Gute Führungskräfte sind in der Lage, funktionale Beziehungen mit den Mitarbeitern zu führen und können damit gut zwischen Empathie und Macht pendeln. Das hat man früher einem Psychotherapeuten zugeschrieben, aber niemals einer Führungskraft! Heute hat sich das geändert. Und da ist natürlich die Frage, was ich als Führungskraft tun kann, um Beziehungen in Homeoffice-Zeiten gut zu gestalten. Denn in diesen Tagen fehlt wahnsinnig viel: Es fehlt der Kontakt im gemeinsamen Umfeld, es fehlen die spontanen Tür- und Angel-Gespräche, es fehlen die Tasse Kaffee oder der gemeinsame Gang zur Kantine. Wir wissen aus der Embodiment-Forschung , dass Kommunikation viel mehr ist als die Übermittlung von Worten. Kommunikation ist auch das in Resonanz treten mit meinem Gegenüber.

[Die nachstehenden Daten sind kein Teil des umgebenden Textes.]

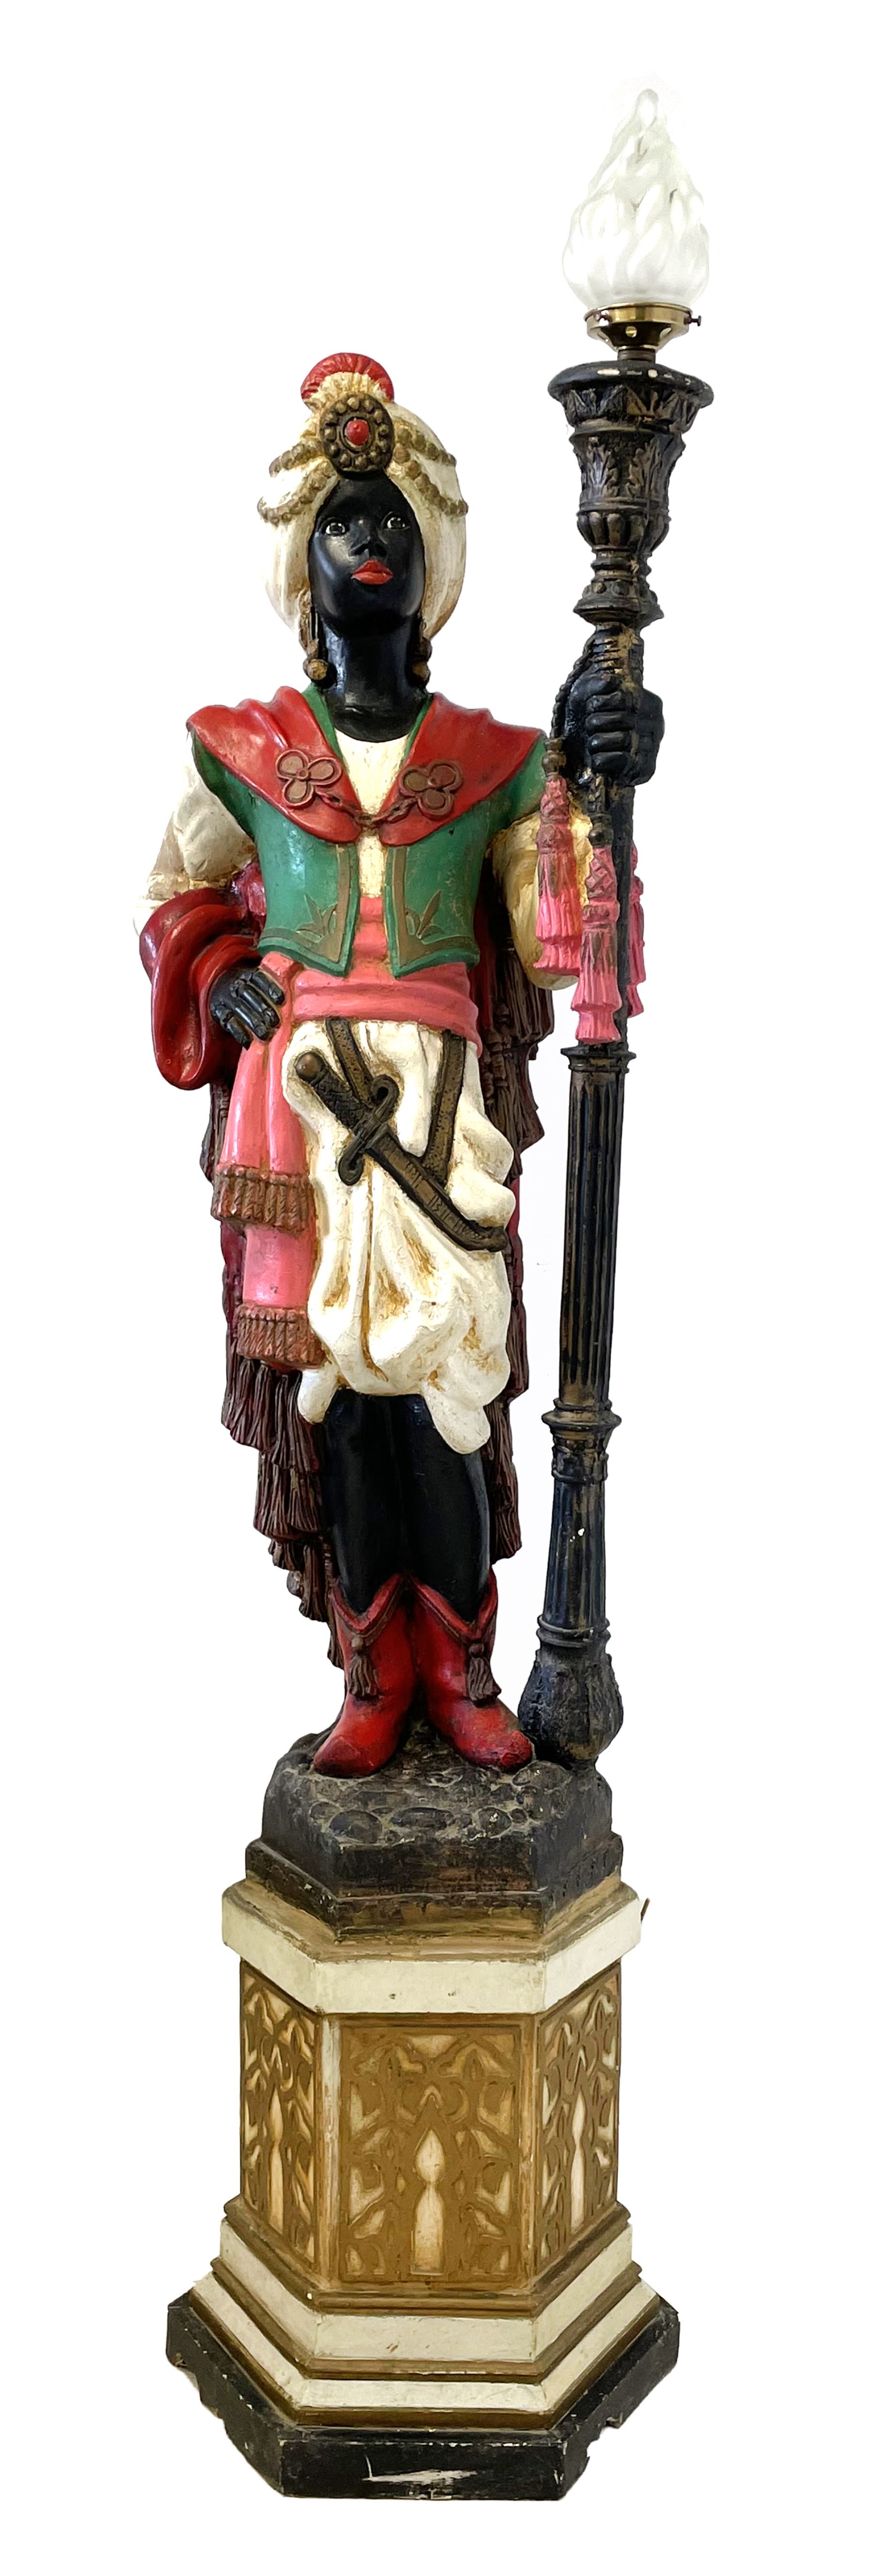 Standard lamp in the form of a Moorish courtier holding a light in the form of a torch staff

Wir wissen aus der Neuroforschung, dass sich bei kreativen gemeinsamen Prozessen die Gehirne der Teilnehmer synchronisieren. Hier muss man sich natürlich fragen: Wie kann das möglichst gut gelingen, wenn wir digital operieren? Das Digitale hat nicht das gemeinsame Umfeld, das Digitale zeigt meistens nur einen Ausschnitt, nicht den ganzen Körper. Durch die räumliche Entfernung haben wir keine wirklichen Antennen für den anderen, und das, was ihn bewegt. Ich glaube, dass es gerade in der digitalen Arbeitswelt mit Homeoffice wichtig ist, persönliche Kontakt über digitale Meetings hinaus zu pflegen. Wir sollten uns für den anderen wirklich interessieren, z.B. durch ein Telefonat, das man mit einem führt, bevor man ein Meeting mit dem ganzen Team hat. Um eine Baseline zu haben: Wie ist die Stimmung gerade beim anderen? Was erlebt der andere gerade? Wie geht es ihm? Also die Forderung nach durchaus mehr Offenheit für das persönliche Umfeld der Mitarbeitenden.

Es liegt an den Führungskräften, mit gutem Beispiel voranzugehen und auch in Bezug auf die Selbstöffnung etwas authentischer zu werden. Einfach um oben genannten Synchronisationsprozesse zu initiieren. Hier geht es nicht um Gefühlsduselei, sondern um Strategien für effektive Kommunikation, und dafür brauchen wir Synchronisation.

Und nach der Krise?

Durch die Notwendigkeit nach Synchronisation ist es unheimlich wichtig, dass Führungskräfte sich beraten lassen. Die Beratung sollte dahingehen, dass sie ihre Mitarbeitenden wieder ins Boot holen, sie abholen. Es herrscht doch ein emotionaler Ausnahmezustand: Die Mitarbeitenden haben vielleicht große Angst durchlebt, vielleicht Wut, vielleicht Trauer. Vielleicht haben sie Familienmitglieder verloren oder sind in großer Sorge oder haben finanzielle Existenznöte.

Es ist ganz wichtig, wenn man mit diesen Menschen wieder in kreative Prozesse gehen will, dass man sie emotional wieder reguliert und stabilisiert. Denn wenn ich das alles an bewegenden Emotionen wegdrücke und versuche, schnell und unkompliziert wieder in einen professionellen Business-Modus zu gehen, ist es nicht funktional. Und das ist es, was nach der Krise zum Burnoutprozess, im schlimmsten Fall zur einer manifesten psychischen Störung wie Depression oder Angststörung führen kann.